Nearly two years of war has left more than half of Yemen’s 28 million people “food insecure”, with 7 million of them enduring hunger, according to the United Nations. At the same time, aid agencies are warning that Yemen is on the verge of famine, although they have yet to declare one.


Trade and aid sources say the situation was compounded in September when Yemen’s exiled president, Abd Rabbuh Mansur Hadi, ordered the central bank’s headquarters moved from the capital Sanaa to the southern port of Aden, the seat of the new government.

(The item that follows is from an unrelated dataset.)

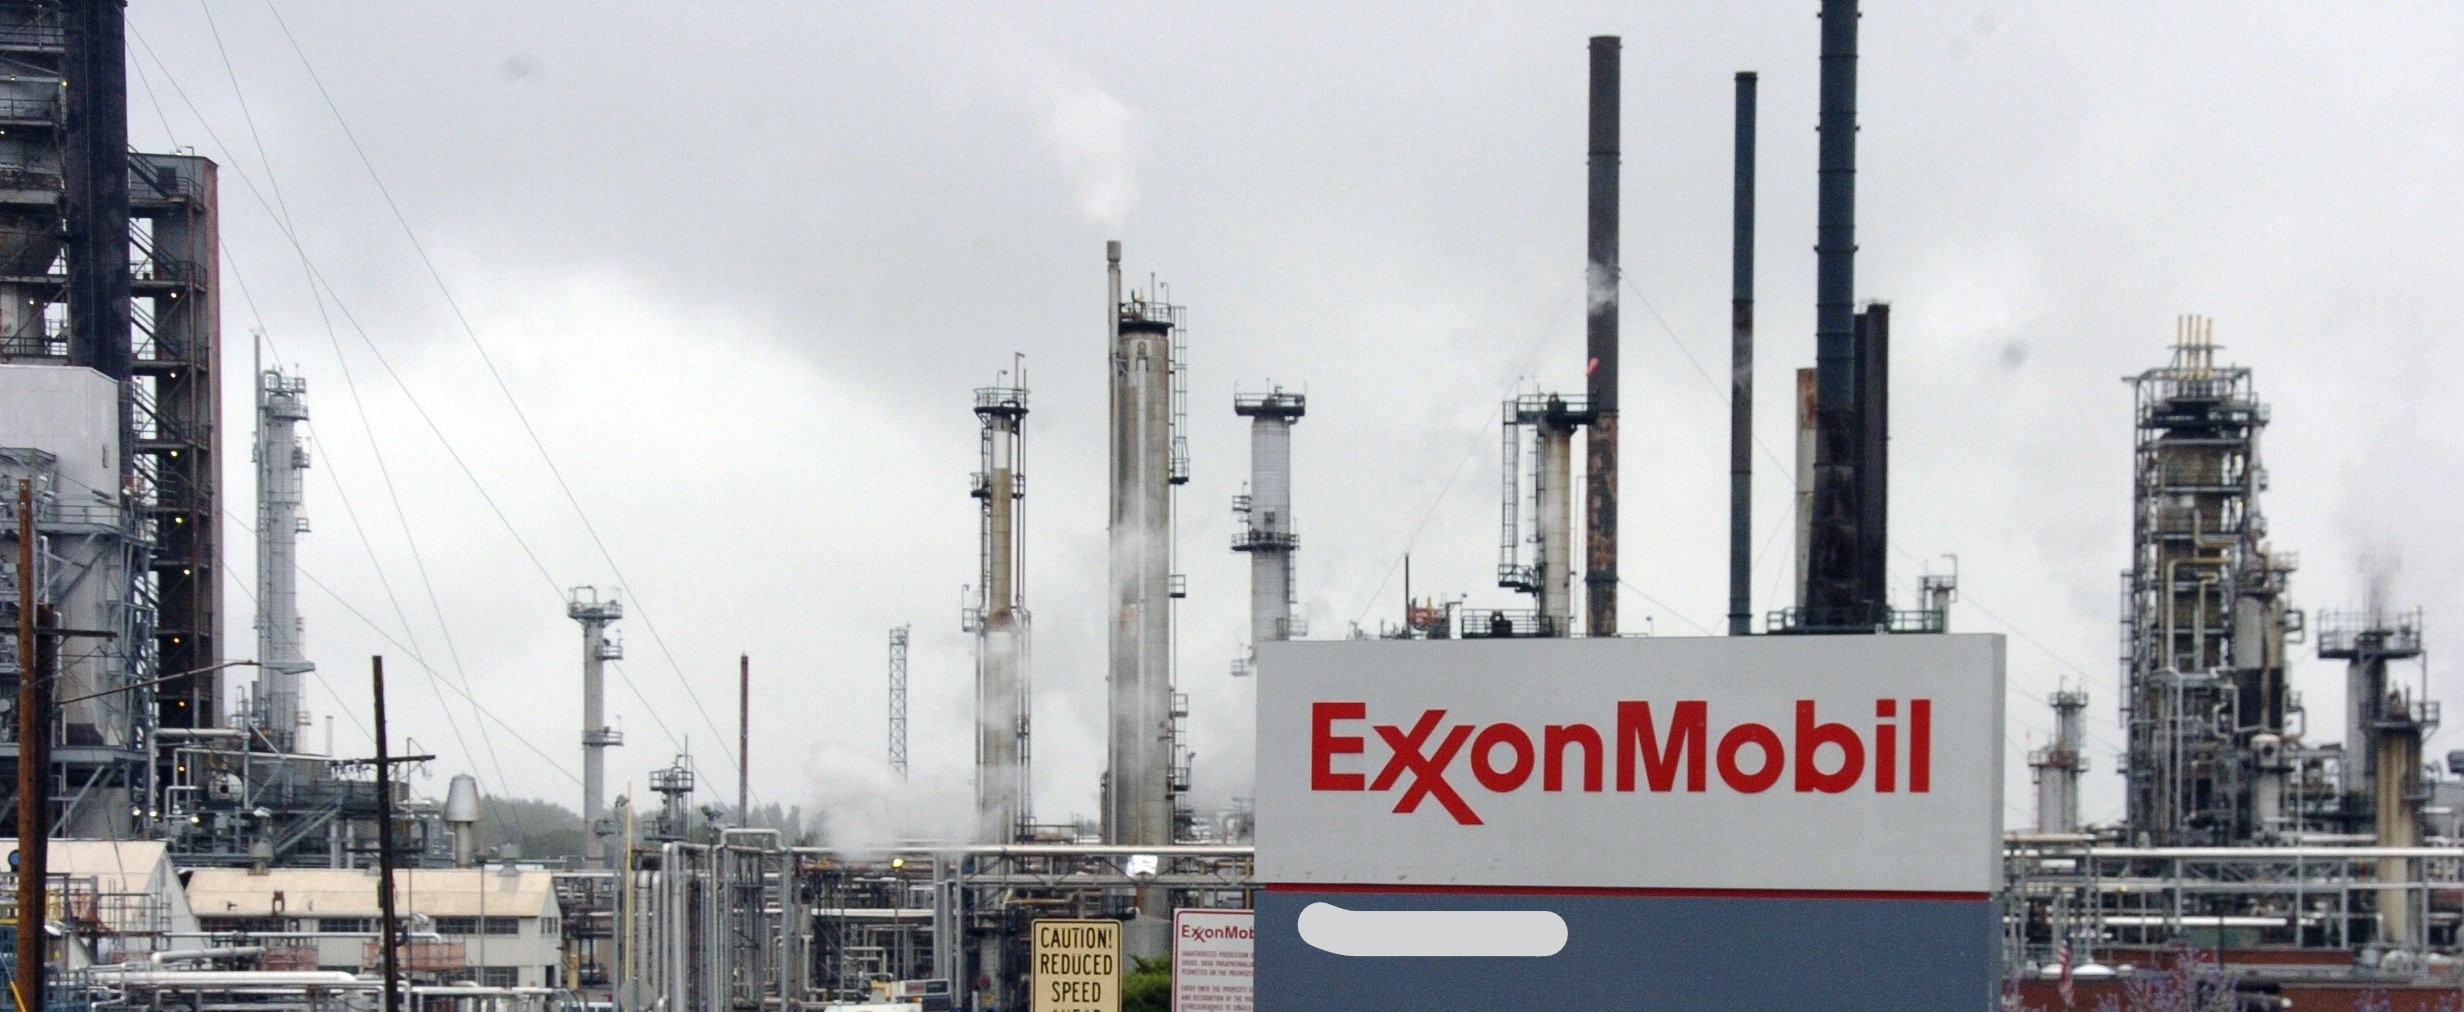 Προβληματισμός για την Exxon MobiI επικρατεί στο Δήμο Λάρνακας

This has led in effect to a de facto partition, with rival institutions in the north and south.


Hadi’s government said some $4 billion had been squandered on the war effort from central bank reserves; the authorities in Sanaa said the funds financed imports of food and medicine.


In a November 30 letter addressed to Yemen’s trade ministry in Saana, which the company had dealt with before Hadi’s decree to move, leading trader Fahem Group, said: “We would like to inform you that we have been unable to conduct any new contracts for wheat as local banks cannot transfer dollars for the value of any wheat cargoes.”


Fahem Group said in the letter that it wanted to continue importing wheat to cover the population’s needs but was unable to open letters of credit.


Bread forms a major part of people’s diet in Yemen.


Even before the move, the central bank, aiming to shore up dwindling foreign currency, had stopped providing guarantees for importers, leaving them to finance shipments themselves.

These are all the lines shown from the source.